Apache Eagle Tutorial

What is Apache Eagle?

Apache Eagle is an open-source solution which is used to instantly analyze and identify the security issues of several Big Data platforms such as Hadoop, NoSQL, etc. The analytical solution was developed at eBay (an e-commerce company), but soon after realizing that it may be helpful to the whole community, ebay donated the project to Apache Incubator in October 2015, since then Eagle has gained so much popularity. Apache Eagle Tutorial

Why named so?

An eagle bird is known for its attentiveness as well as a focused vision towards its prey.  Its eyes very keenly observe the surrounding area and keep its eye focused towards its prey. Same is the Apache Eagle that analyzes, monitor, and identifies the performances issues of Big Data platforms. Apache Eagle analyzes the following:
  • Yarn Applications(Yet Another Resource Negotiator which is used to split the functionalities of resource management as well as job schedulers)
  • Data Activities, i.e., unwanted change in data
  • JMX metrics (Java Management Extensions which is a standard way to instrument code in the JRE world)
  • Daemon logs (a program that runs in the background) etc.
Therefore, Eagle analyzes and monitors background as well as foreground tasks by keeping an eye over each activity.

Steps involved in Analytics and Monitoring Flow

Now, the question is how Eagle analyzes and monitors different activities? Apache Eagle performs three steps for analyzing and monitoring big data models:
  1. Data Integration: Data integrity means to maintain the consistency and accuracy of data. Raw data is either transformed or normalized during integration, and the output is streamed to the below discussed following steps. Data Integration is a streaming process application like Spark Streaming Application and other streaming process applications which may also use pull and push methods to stream data into Apache Eagle depending on the type of data source. For example, HDFS (Hadoop Distributed File System) audit log can be pushed by log stash whereas Hive query log can be pulled by Hive (Data Warehouse Software Project) Integration Application.
  2. Alerting Engines: These are highly scalable rule execution engine embedded into Data Integration application. Here, the user can create or update all related policies.
  3. Insights: It is used to correlate alerts with raw data so that the user can find out the rootcause. For example, if any malicious data was analyzed and identified by Eagle; therefore, it becomes easy for the user to identify what was the root cause.
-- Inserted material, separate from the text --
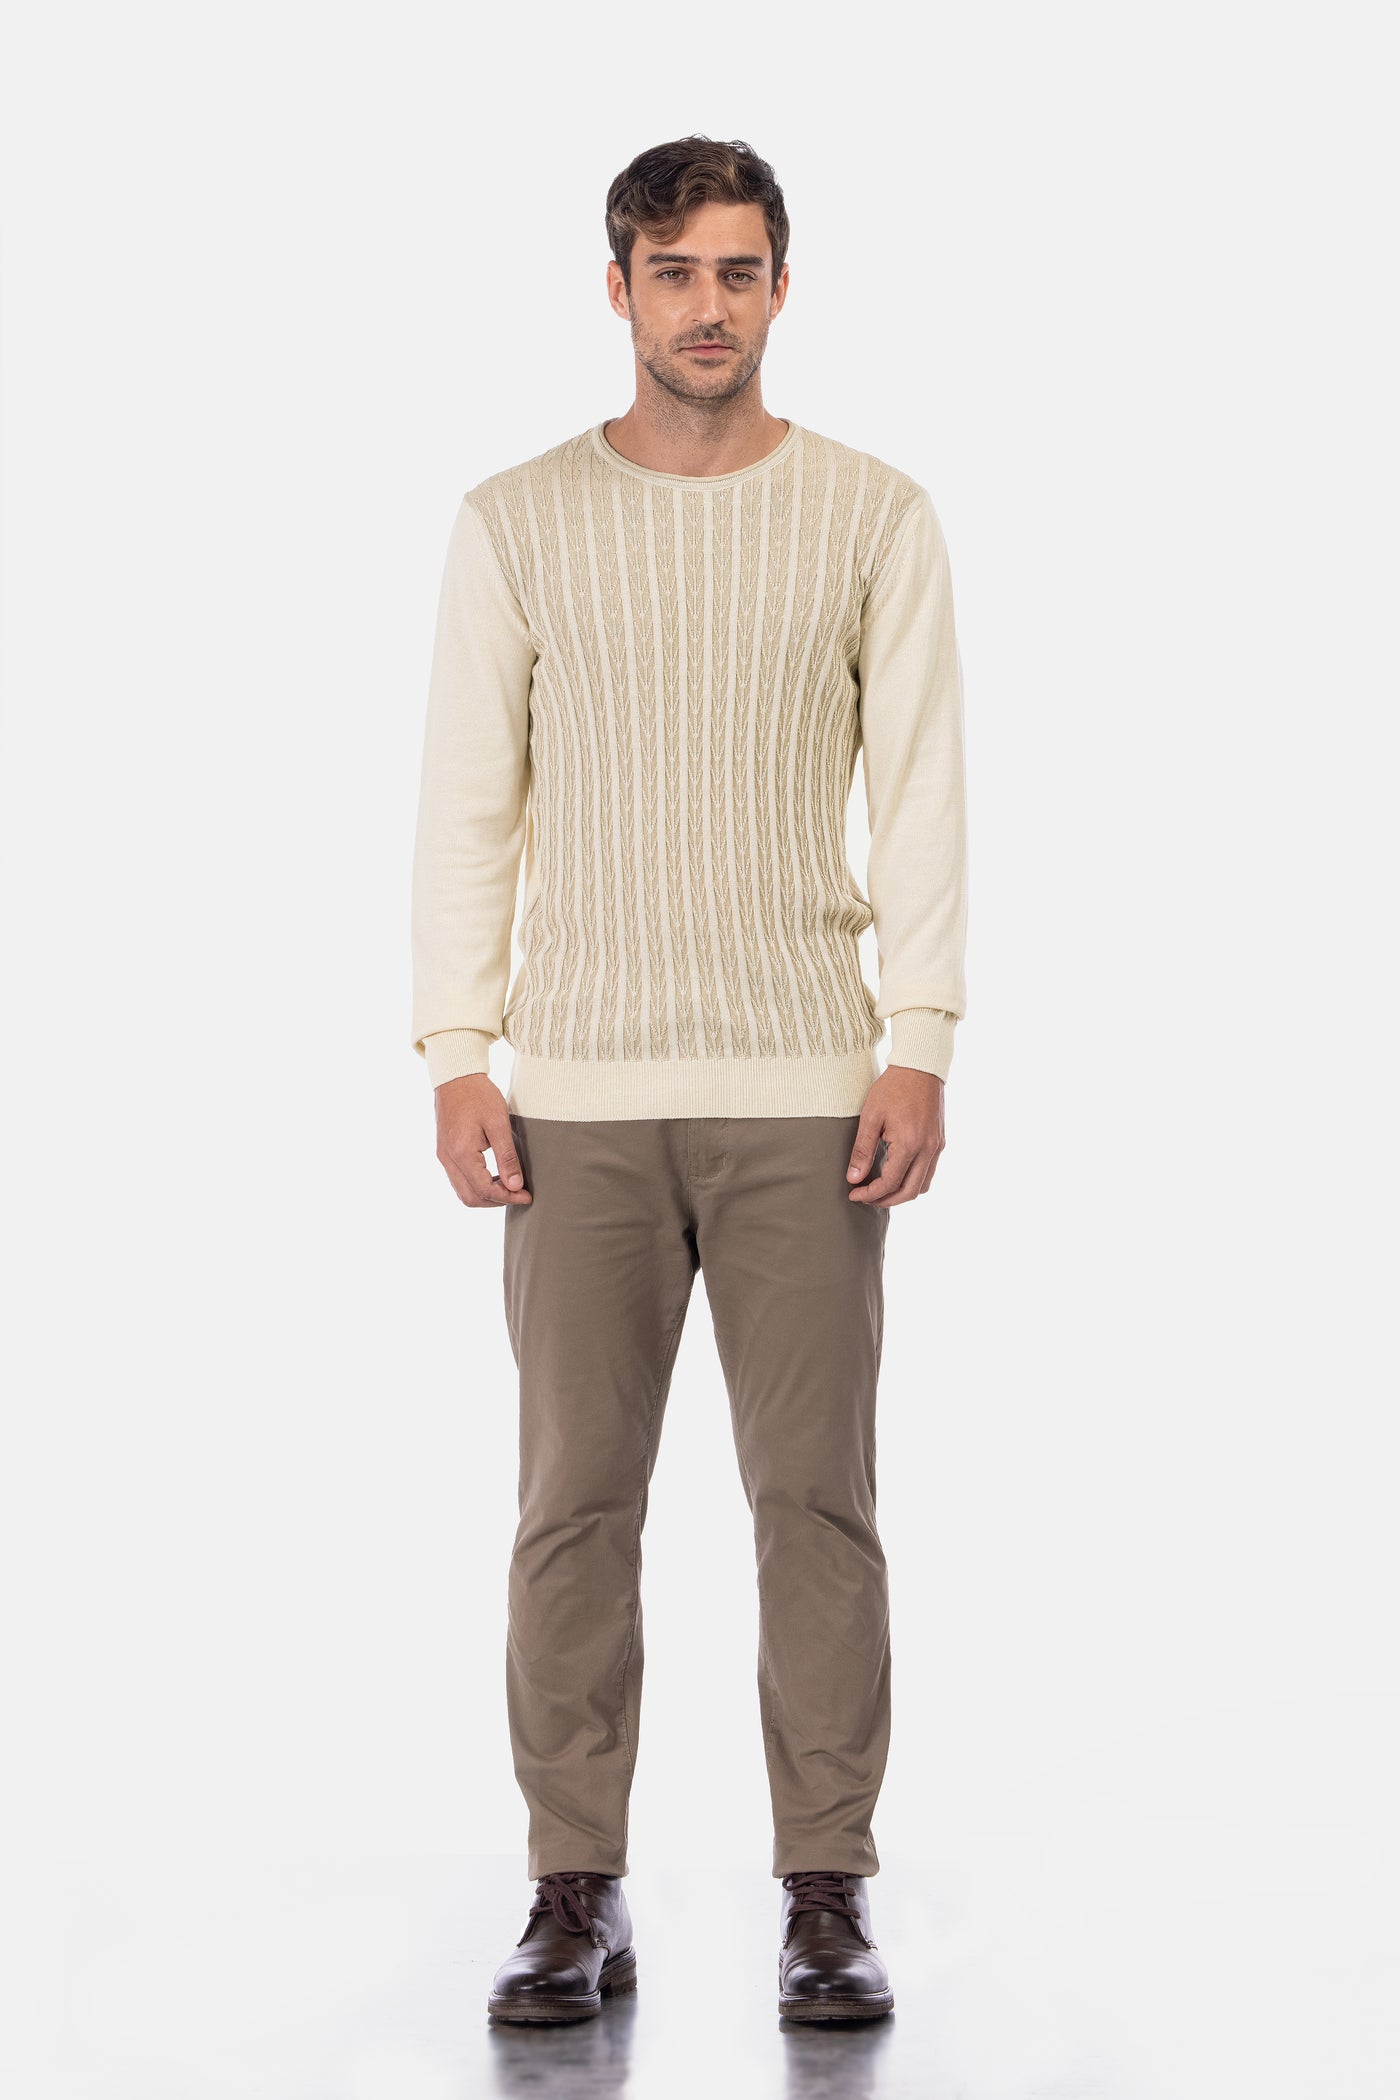 Jacquard Round Neck Beige Knitted Pullover
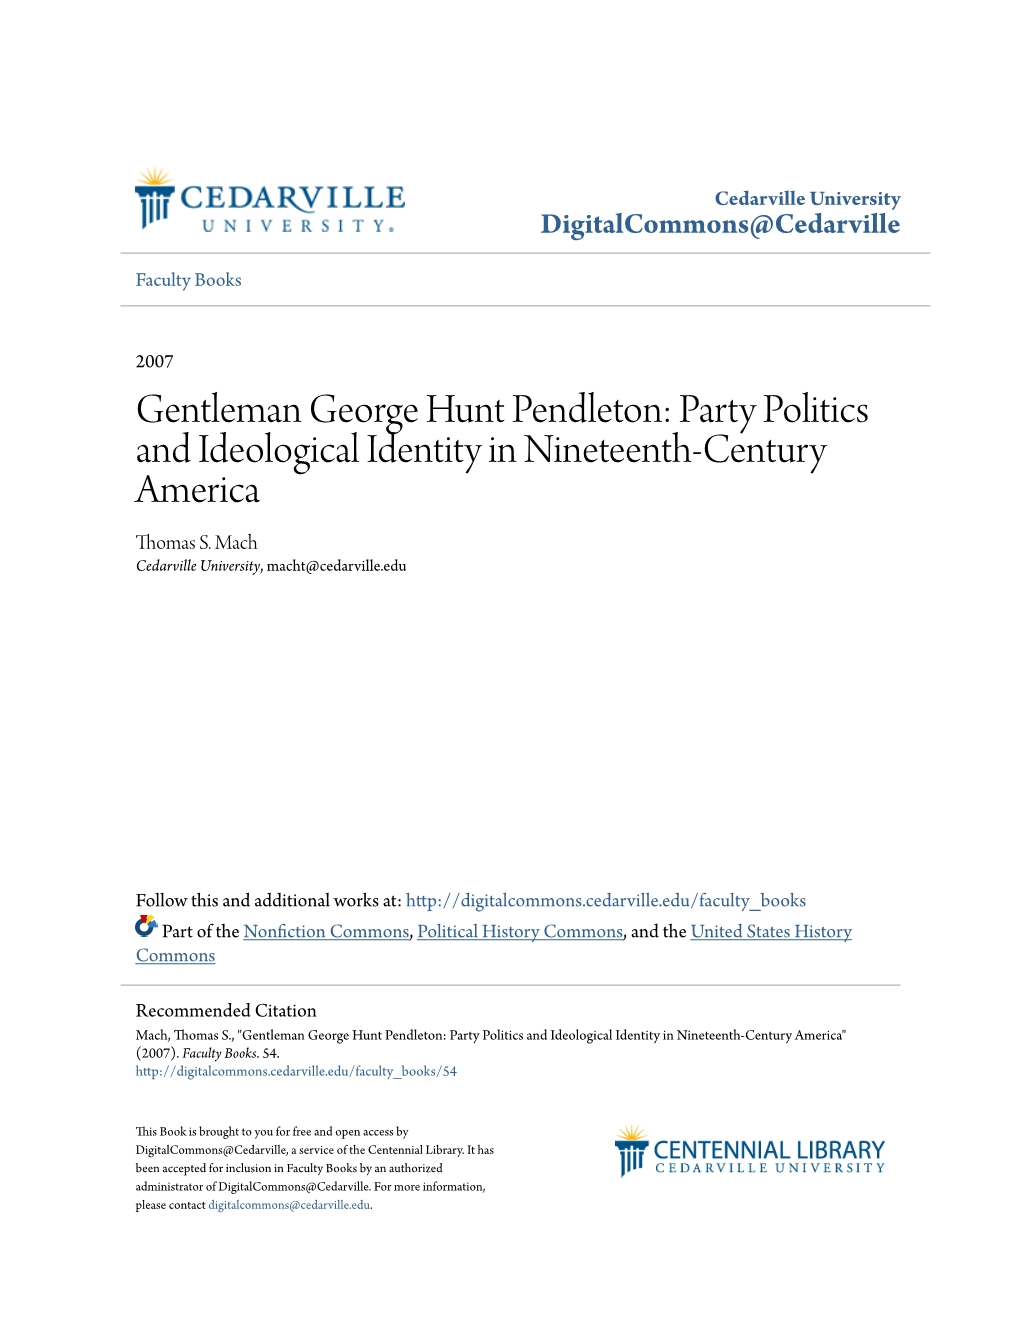 Gentleman George Hunt Pendleton: Party Politics and Ideological Identity in Nineteenth-Century America Thomas S

Why Apache Eagle?/ Apache Eagle features

Because of the following features, one should choose Apache Eagle:
  • Highly Extensible: Apache Eagle allows developers to develop their own monitoring applications and deploy to Eagle's framework in just a few clicks.
  • Scalability: Apache Eagle operates on big data technologies such as Hadoop, Spark because the number of operational logs and user activities generated is huge. It also applies a scalable core to get adaptive according to different through puts of the data stream as well as several monitored applications.
  • Real Time: Time is precious for all. Thus keeping in mind, the analytical solutions generate state-of-the-art (immediate alerts without wasting much time) alert engine to identify performances issues and security breaches. Storm and Spark Streaming based computing engine allows to apply the policy to the data and generate immediate alerts.
  • Dynamic: Users are allowed to enable or disable a monitoring application and can change their alerting policies dynamically without any effect to underlying runtime.
  • Metadata Driven: Eagle has designed its metadata in such a way that what kind of policies are to be evaluated for what type of data source under which physical boxes.
  • Ease-of-Use: User can easily enable monitoring for service in just a few minutes by selecting the appropriate monitoring application and configuring the parameters required for the service.

 Use Cases

Technically, a Use Case is either a diagrammatic representation or list of actions needed for the interaction of the user with the system. Apache Eagle is an open source solution for monitoring and identifying malicious and unwanted data activity for Hadoop and other Big Data platforms.  Eagle follows some actions through which it can make a better understanding between the user activities and its service.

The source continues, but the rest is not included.